Work task -
Excluding pictures, transcribe precisely the lines from the one containing "英語自學策略:英文Email懶..." to the final line of the listing below, inclusive, and nothing more.

Given information -
■ ■ ■
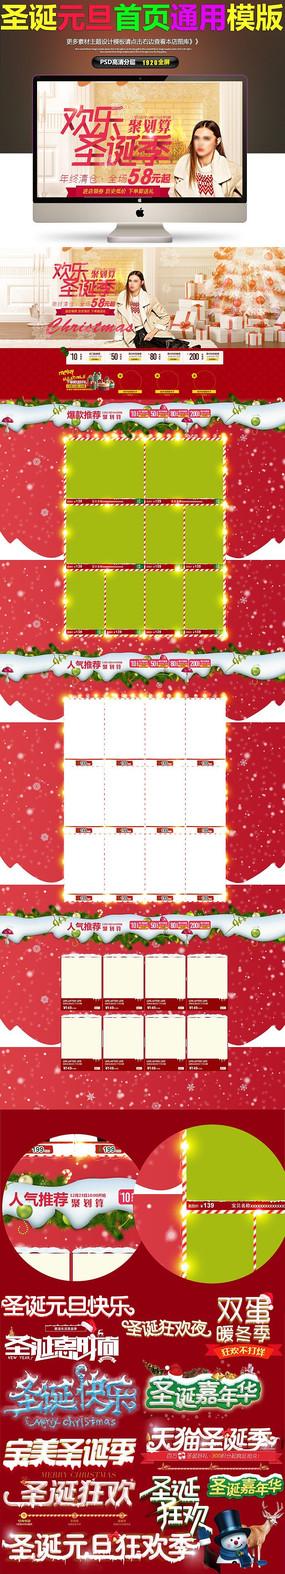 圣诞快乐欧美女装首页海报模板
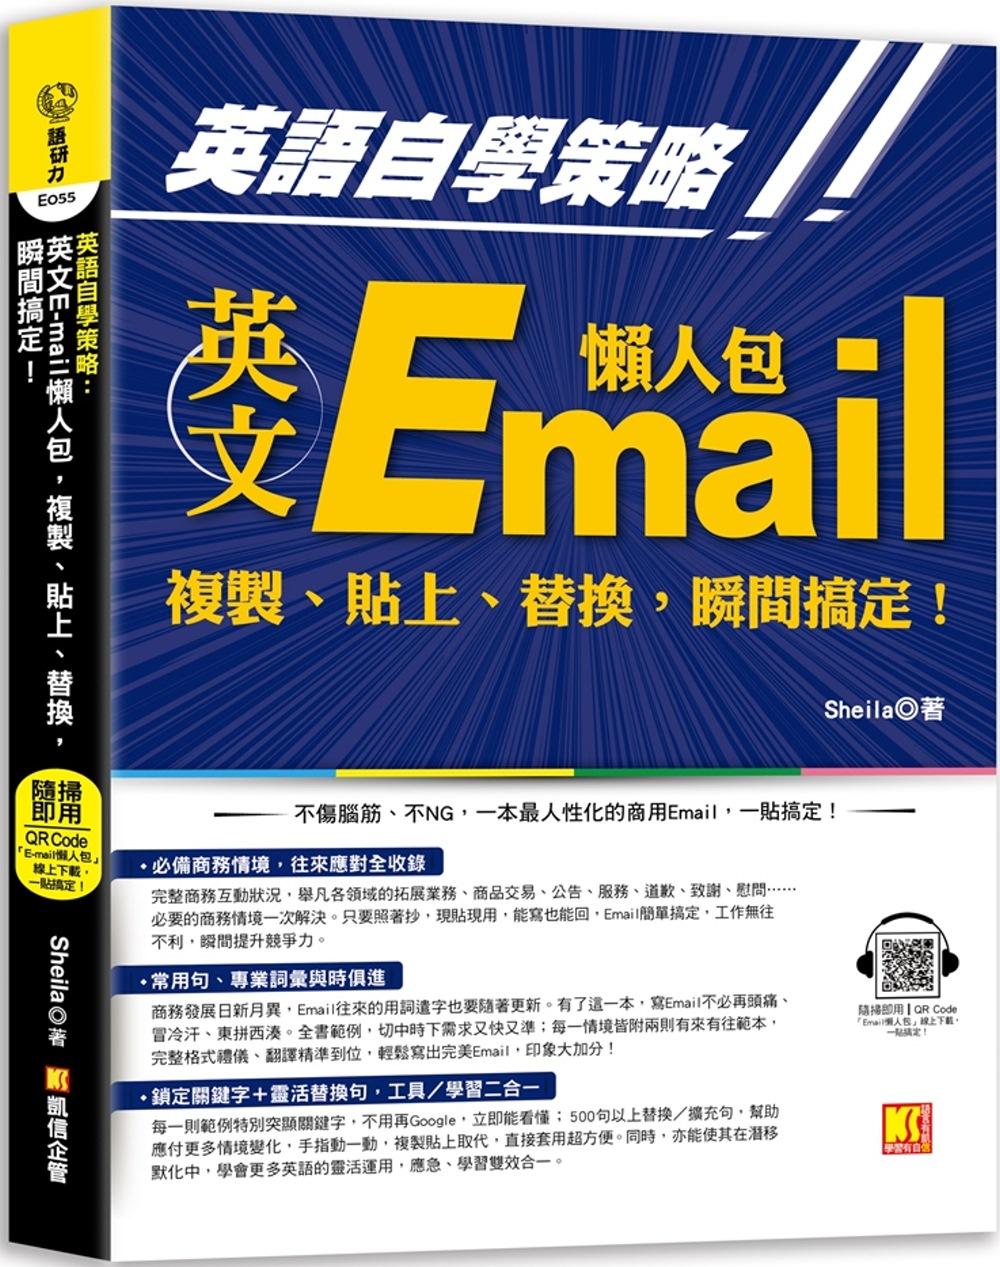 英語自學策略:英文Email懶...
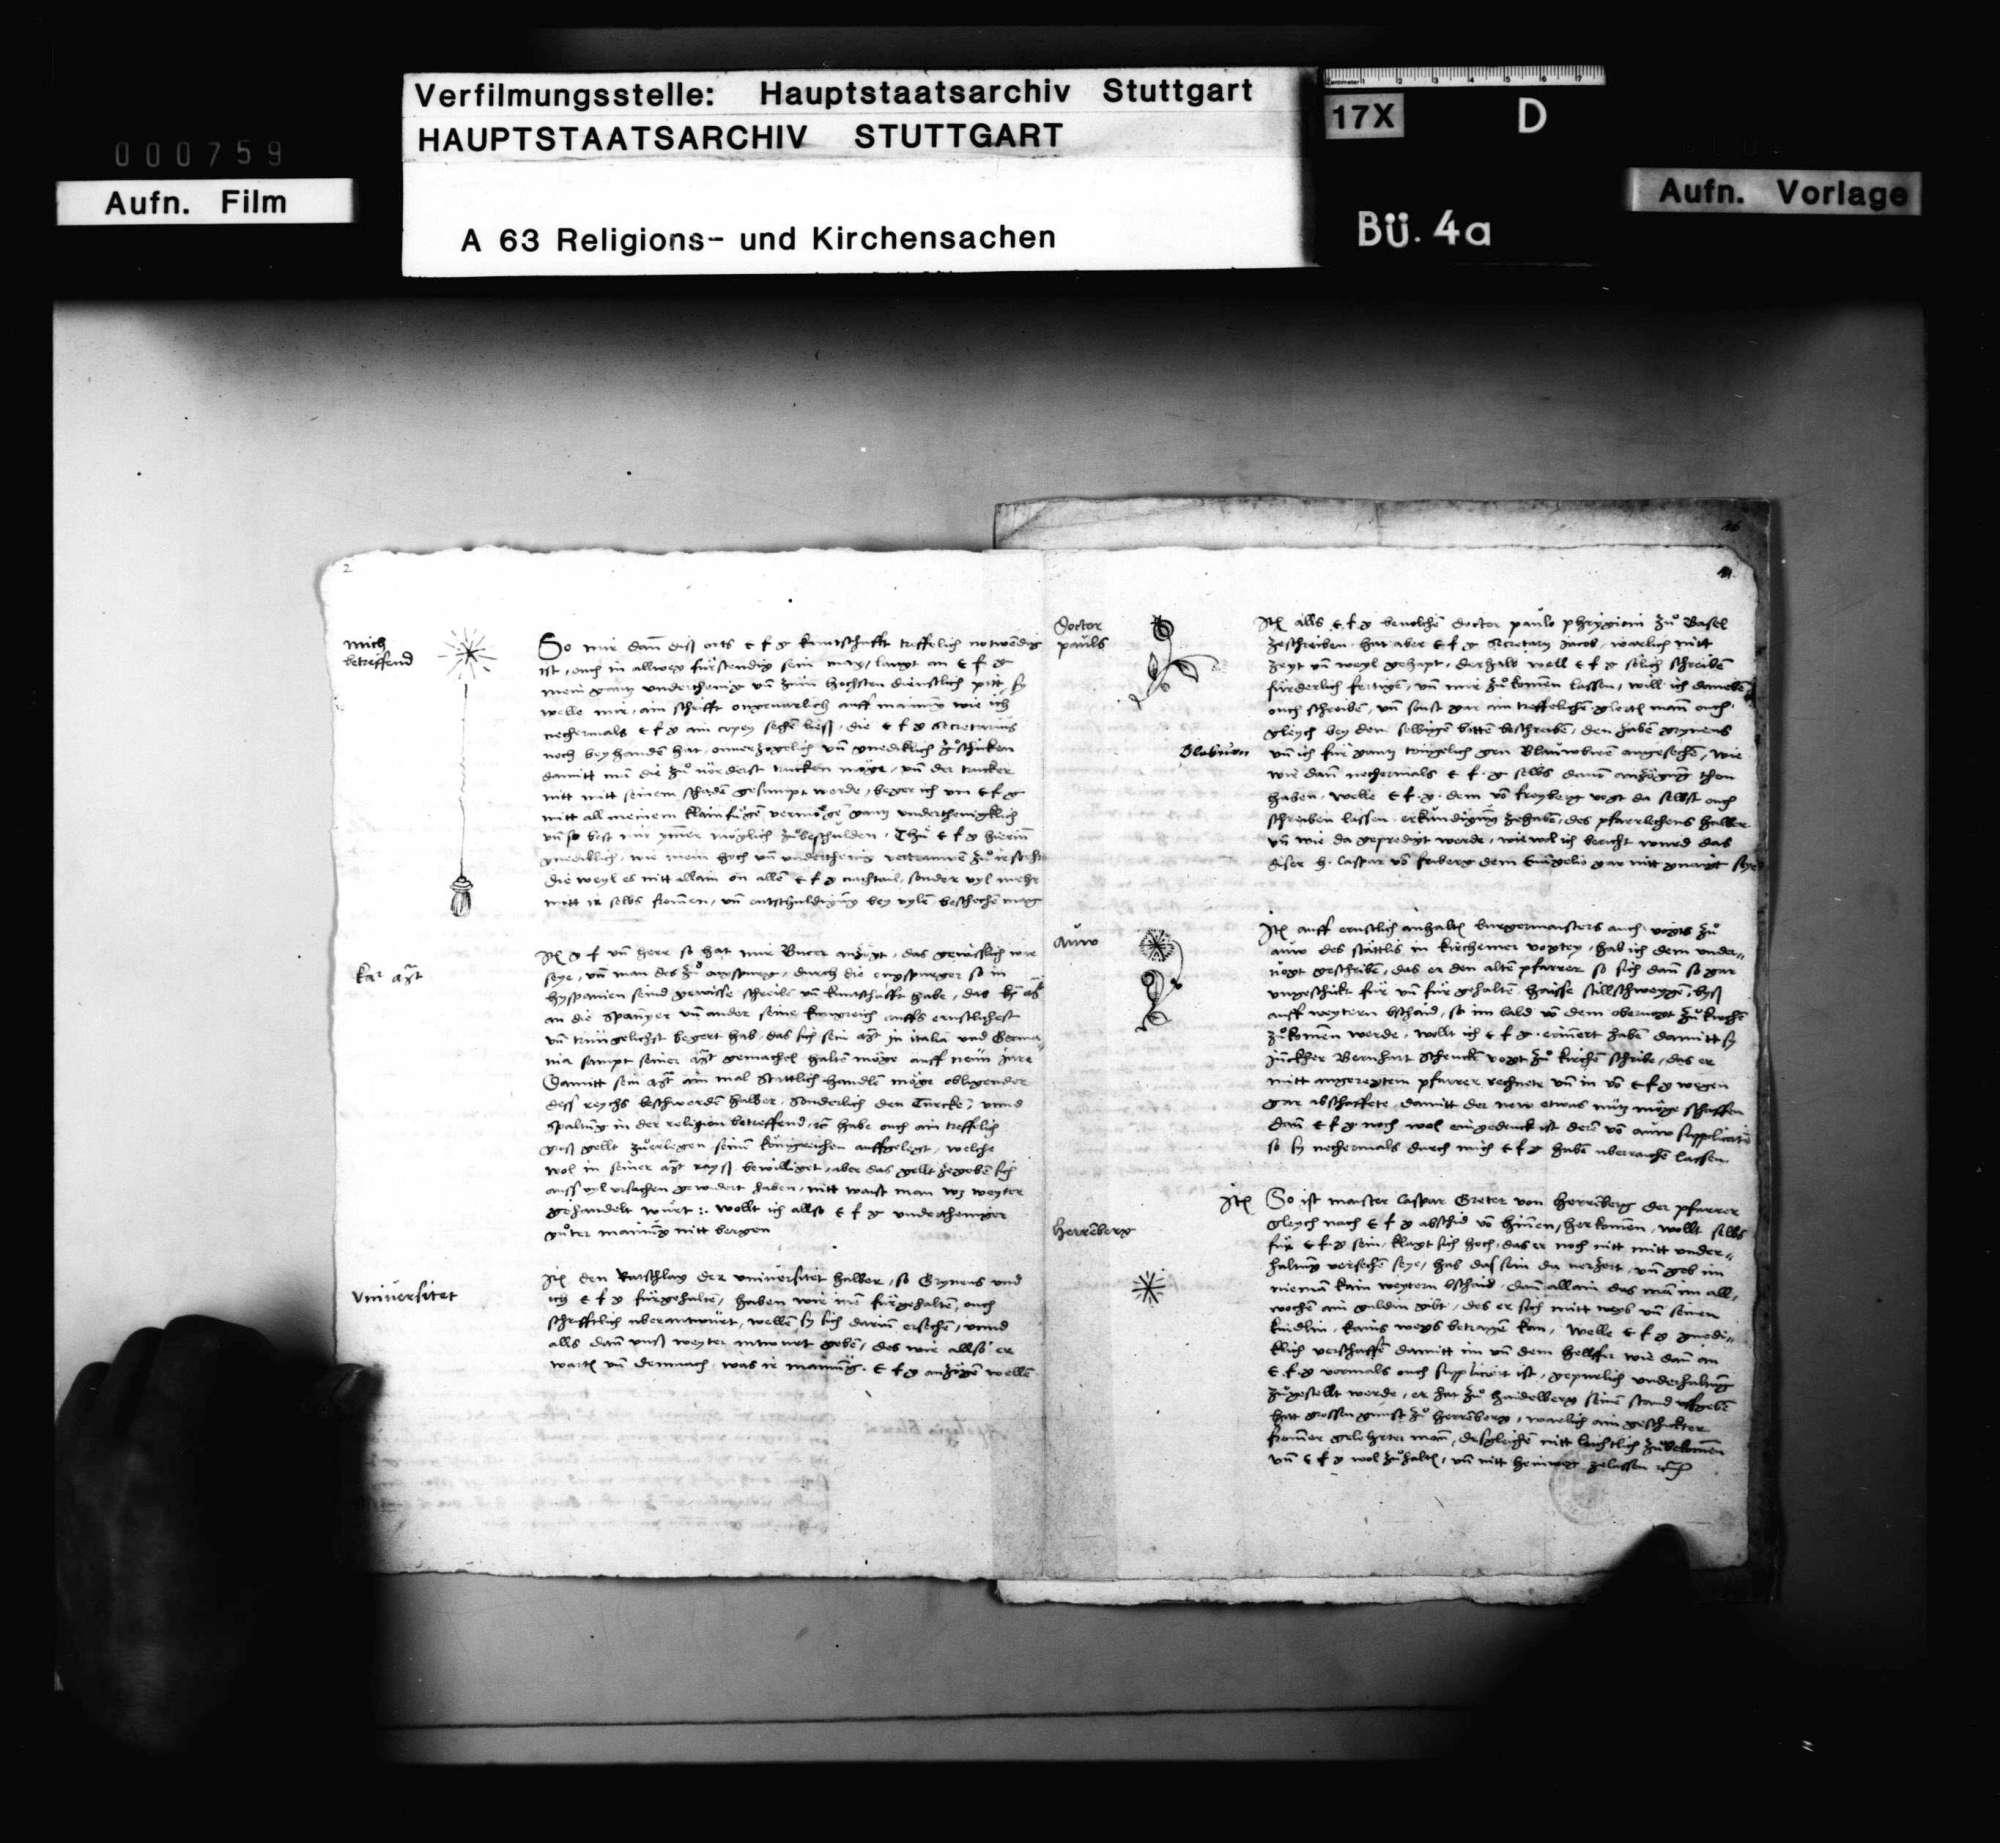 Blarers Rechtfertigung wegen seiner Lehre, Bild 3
■ ■ ■
Result for this exercise -
 英語自學策略:英文Email懶...
 Blarers Rechtfertigung wegen seiner Lehre, Bild 3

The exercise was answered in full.